Task requirements
Every line of the material is to be quoted verbatim, minus the pictures.
*** Opening Data excerpt ***
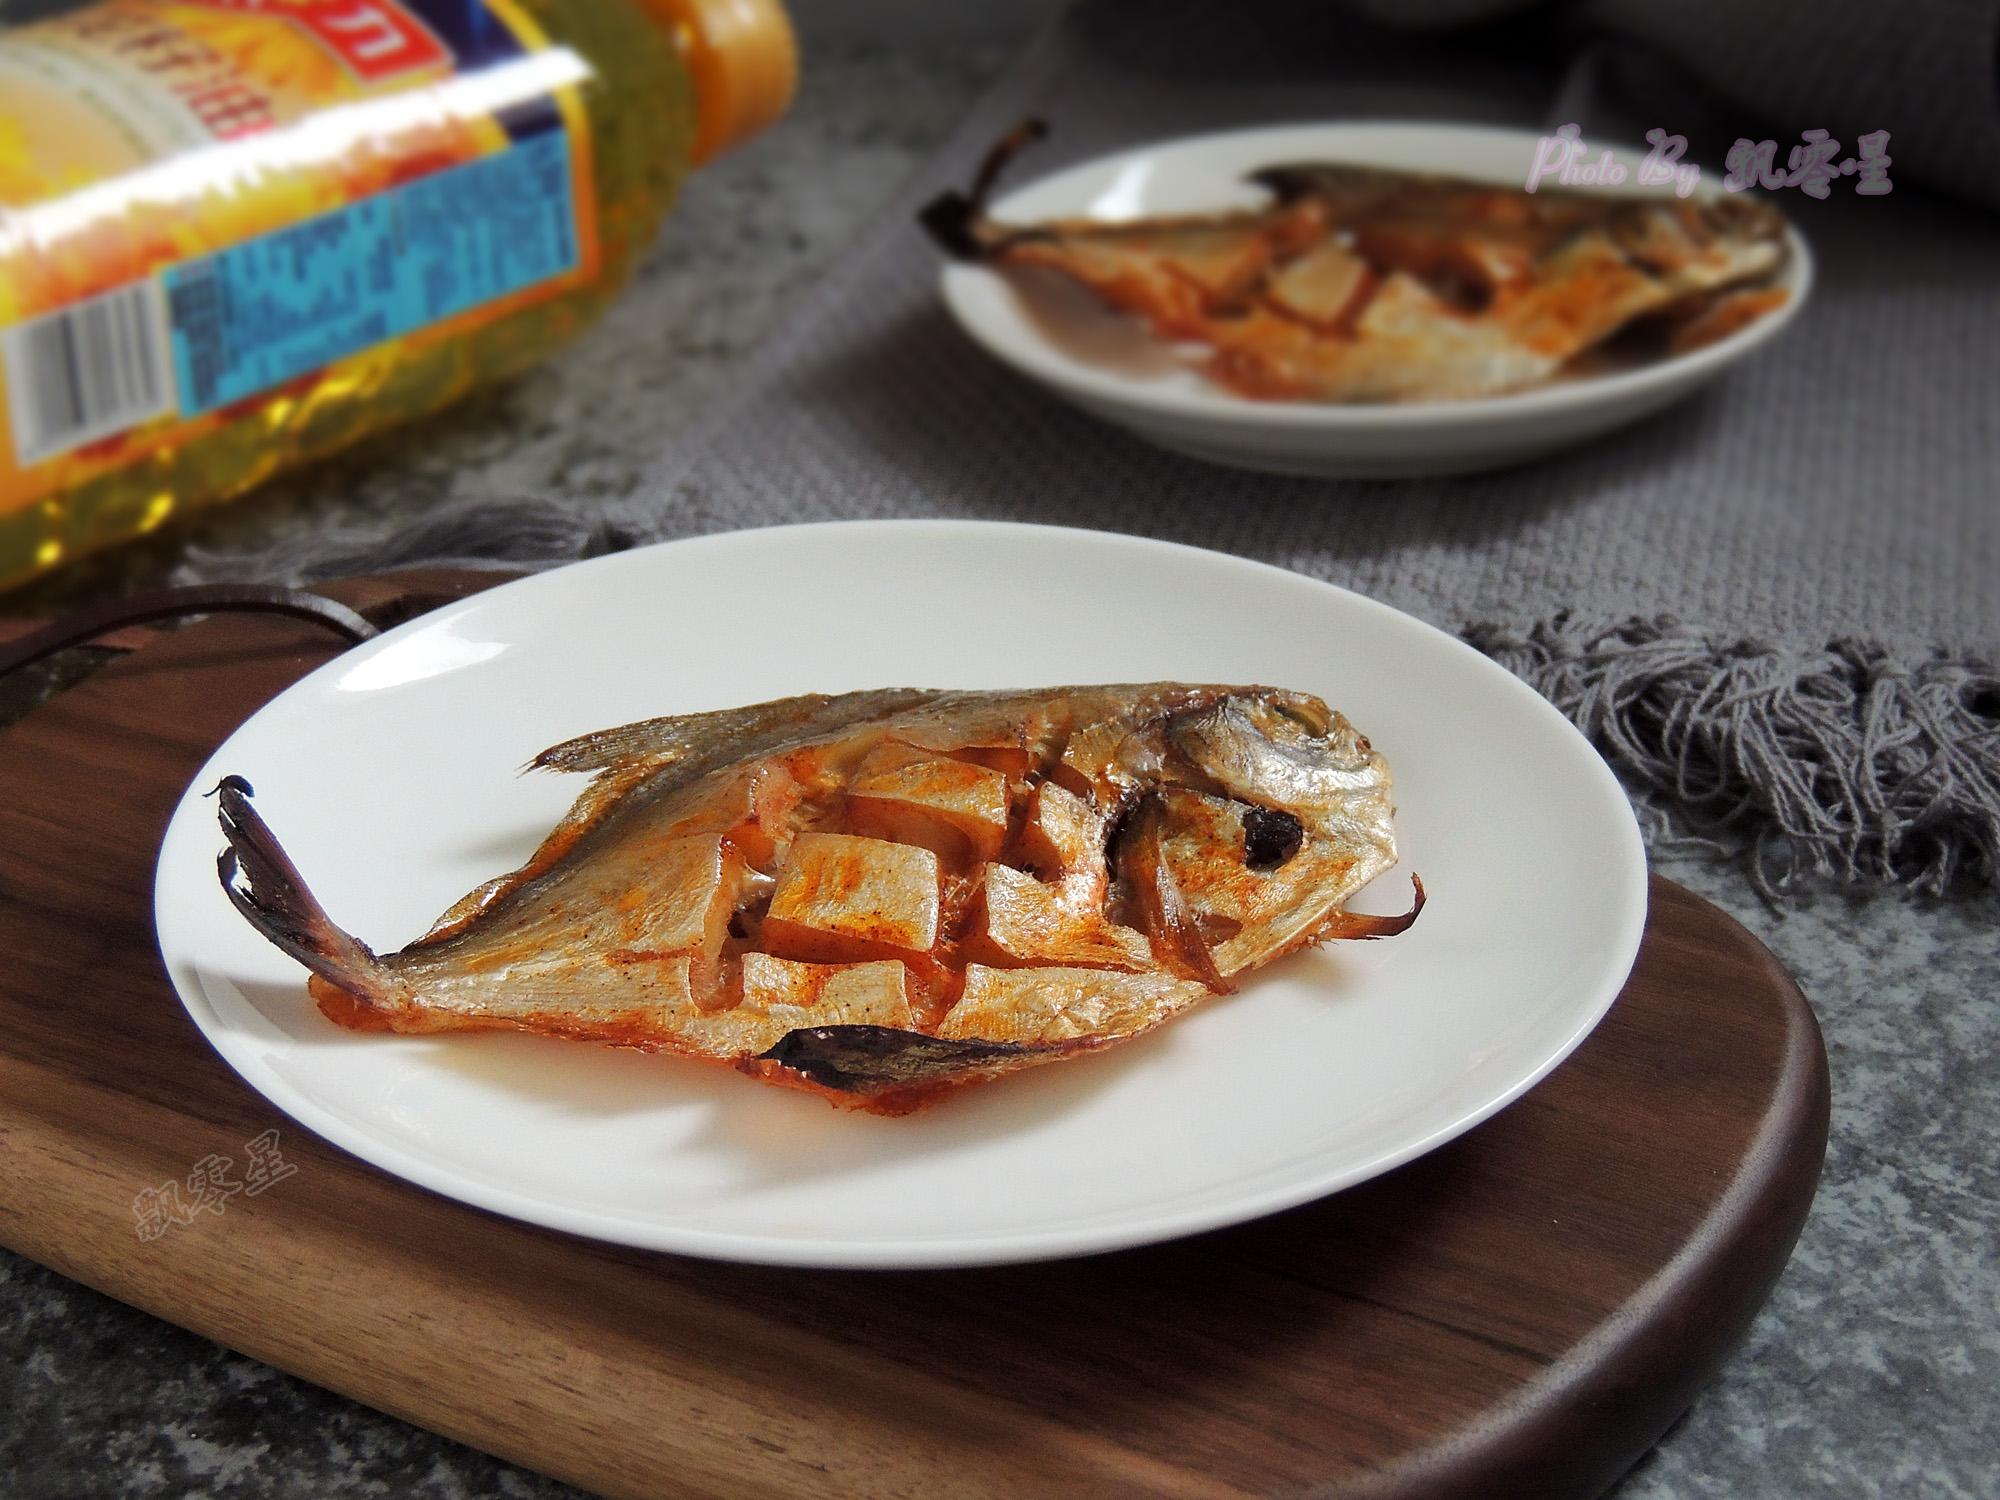 奥尔良烤蛤蜊的平鱼_做法_豆果菜谱美食炖老豆腐图片
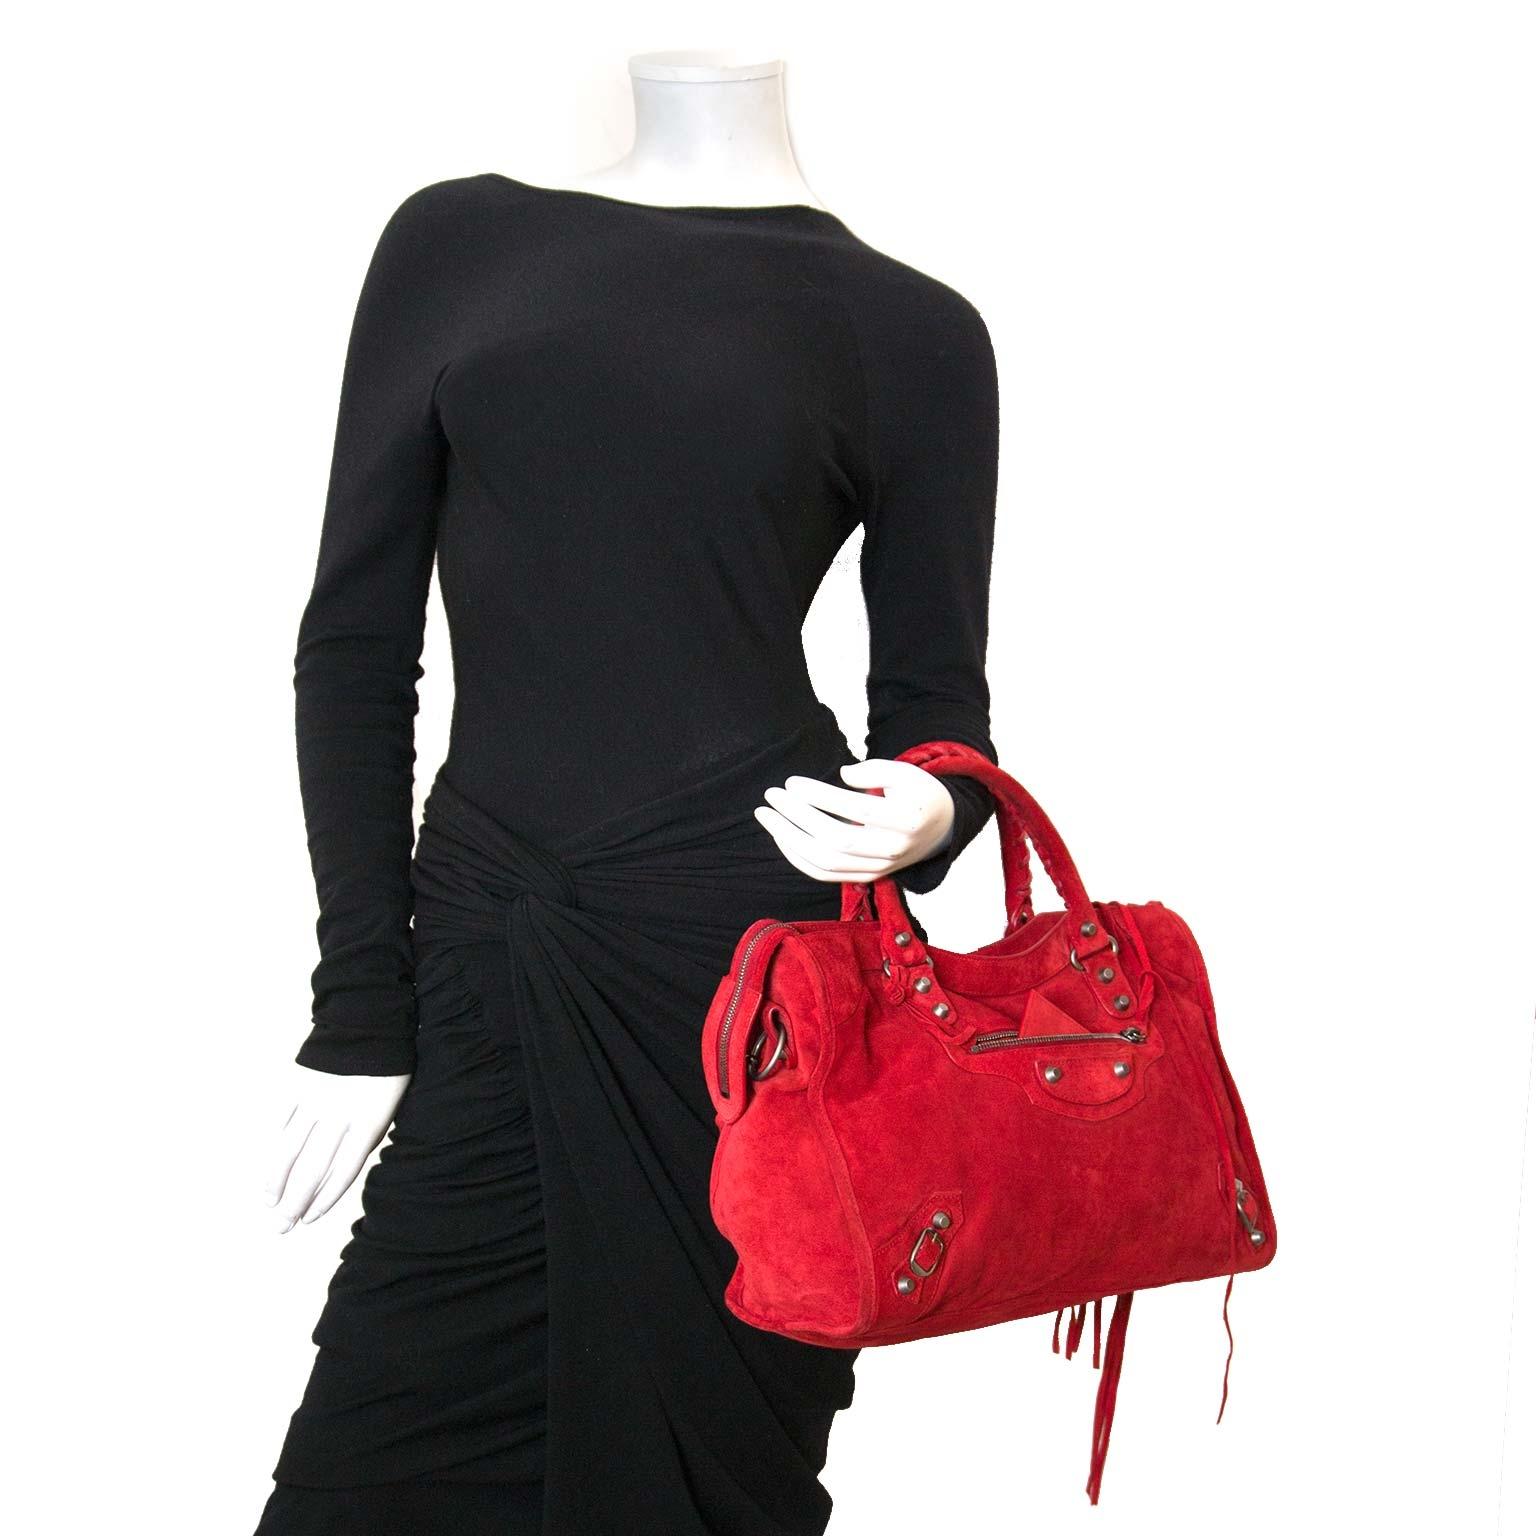 Koop authentieke balenciaga suede city tas bij labellov vintage mode webshop belgië
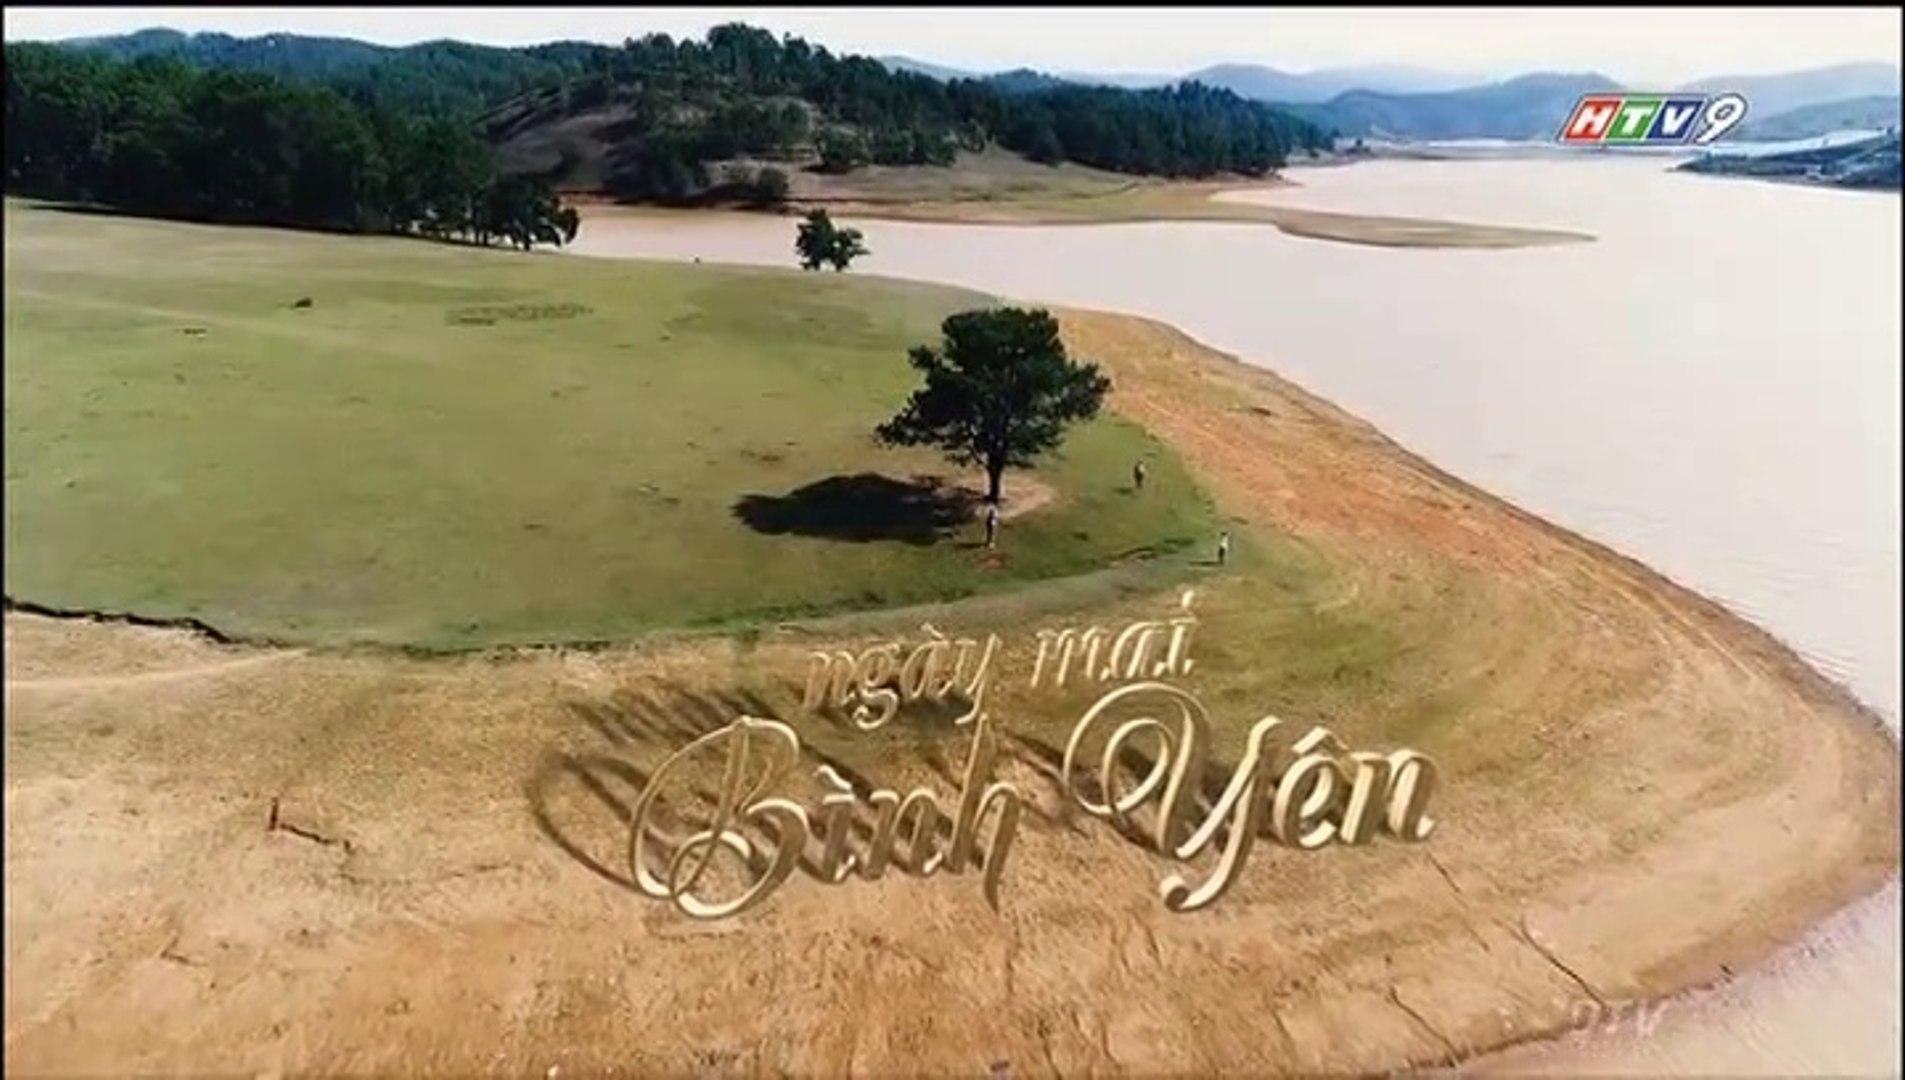 Ngày Mai Bình Yên Tập 2 Full HTV9 | Phim Tình Cảm Việt Nam Hay Nhất 2018 | Ngay Mai Binh Yen Tap 3
*** Closing Data excerpt ***
Response area
 奥尔良烤蛤蜊的平鱼_做法_豆果菜谱美食炖老豆腐图片
 Koop authentieke balenciaga suede city tas bij labellov vintage mode webshop belgië
 Ngày Mai Bình Yên Tập 2 Full HTV9 | Phim Tình Cảm Việt Nam Hay Nhất 2018 | Ngay Mai Binh Yen Tap 3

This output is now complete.